Questions to Ask Yourself Before Writing an FAQ

Some technical writers hate FAQs. I rather enjoy them, because they’re the only bit of technical writing most people will ever bother reading. But they’re not always an easy thing to write; since FAQs are never full explanations of the application or website, deciding what to put in them can be difficult.

What Goes in an FAQ?

The truth of FAQs is that you don’t sit around waiting for people to start asking questions – you predict their questions. How?

One method, showing a considerable level of dedication, is to give your friends and family a first stab at the application. Whatever they all fail to understand is an FAQ (also, possibly, a bug report; but that’s a topic for another post).

You can also ask people around the company what confused them when they first worked with the finished product. QA, support, project managers, other writers and programmers.

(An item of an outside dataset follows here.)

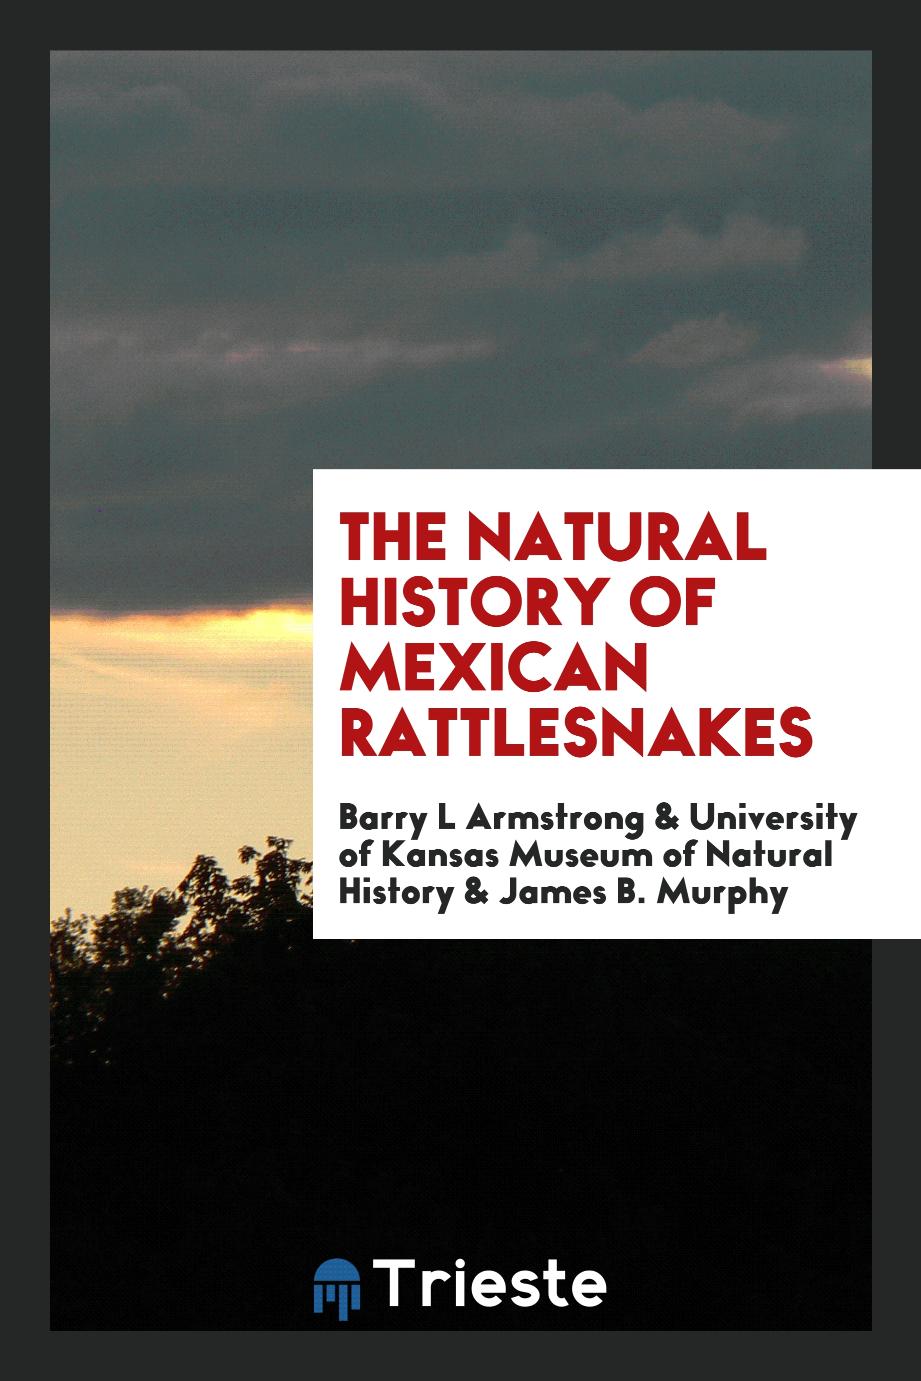 The natural history of Mexican rattlesnakes

This may seem easier than the first method, but there’s a good chance that they’ll refuse to admit to many of their difficulties, so lay-people will provide a more accurate list.

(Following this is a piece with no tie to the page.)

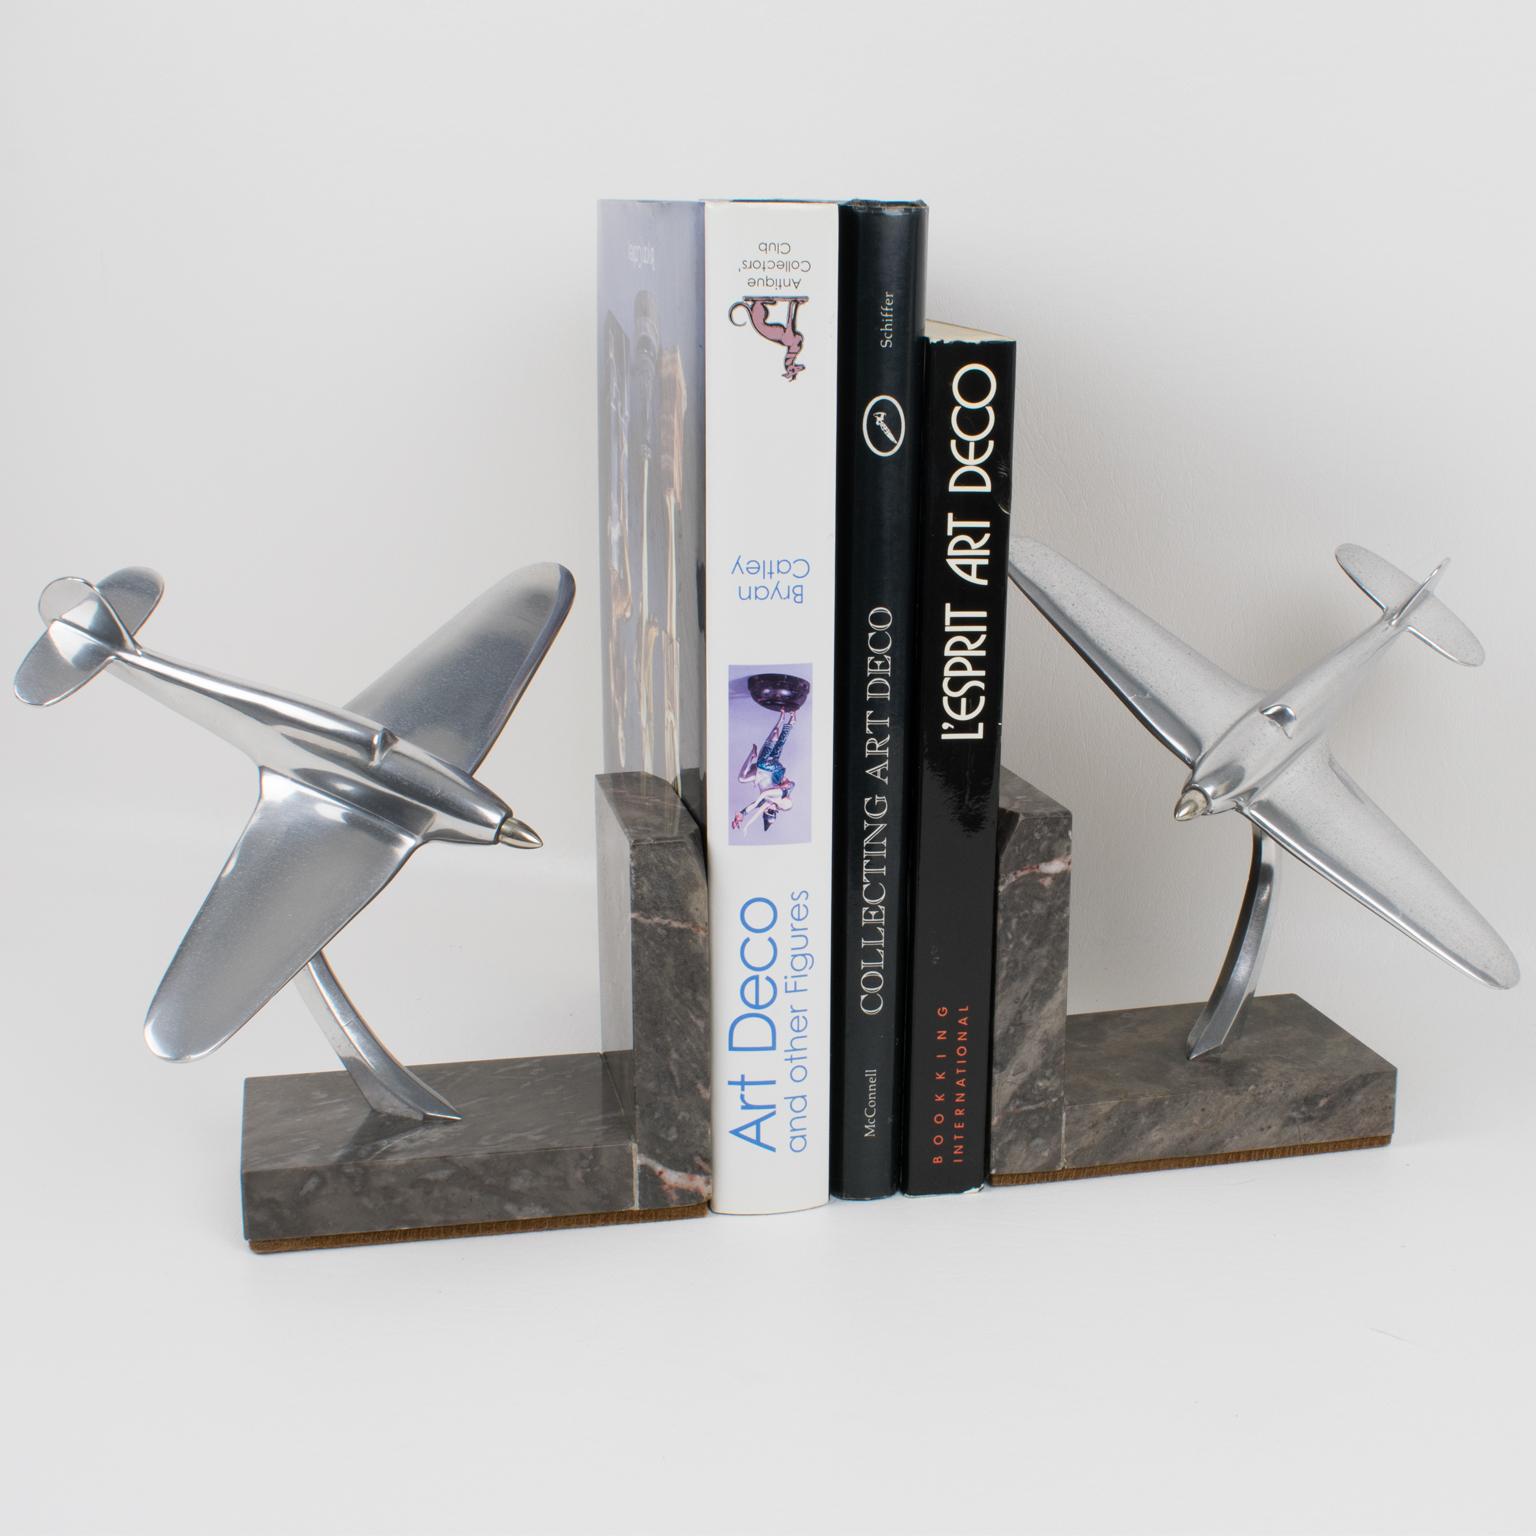 Elegant 1940s French Art Deco aluminum airplane models mounted on a marble plinth to built great-looking bookends. These nice sculptural model airplanes are made with cast aluminum. Standing on an

The easiest, fastest method – and one which I suspect is most widely employed – is to just make the questions up as you go along. Play a little with the application and see what comes to mind. After all, as a technical writer, you know what needs explaining; it’s just a matter of deciding what needs it enough to fit an FAQ.

And of course, you could search for companies in the same general field and read their FAQs. You might find that they all copied off of each other. You can embrace it as a proud tradition, if you like.

What Are Some Dos and Don’ts for FAQs?

1. In my experience, two types of people read an FAQ: people who want to get to know you and your product (including future employees and funders), and people who have actually encountered a problem and are searching for an answer. Avoid the temptation to write your FAQ for the first type; your FAQ should aim to provide answers to actual user questions, not serve as another set of marketing blurbs.

2. On a similar note, I don’t advise putting your disclaimers in the FAQ. People don’t care about your disclaimer, and the goal of an FAQ is to provide the information people care about the most. While I don’t find this as objectionable as putting your PR in the FAQ, I still avoid it when I write.

3. Each question must be understandable as a standalone. Don’t use the previous question as the context, because readers might not have read the previous question.

4. Group questions about each topic under a header. If your FAQ is long enough, provide a table of contents, at least at the topic-header level.

5. Admit your faults. If the answer to a question is “because this product isn’t good enough yet”, say so (you might want to soften the language). Don’t avoid the question, and don’t give a round-about answer.

6. If you make a serious change to your application, business module or anything else that highly affects your users, create an FAQ for it. It can be a topic in the general FAQ page, or get its own page; just don’t hide it among the rest of the FAQ.

7. If your FAQ is starting to resemble your user manual in size and complexity, consider splitting it into several FAQs, each associated with a specific portion of your application or website. Or, consider trimming back and sending people to read the manual for the more complex questions.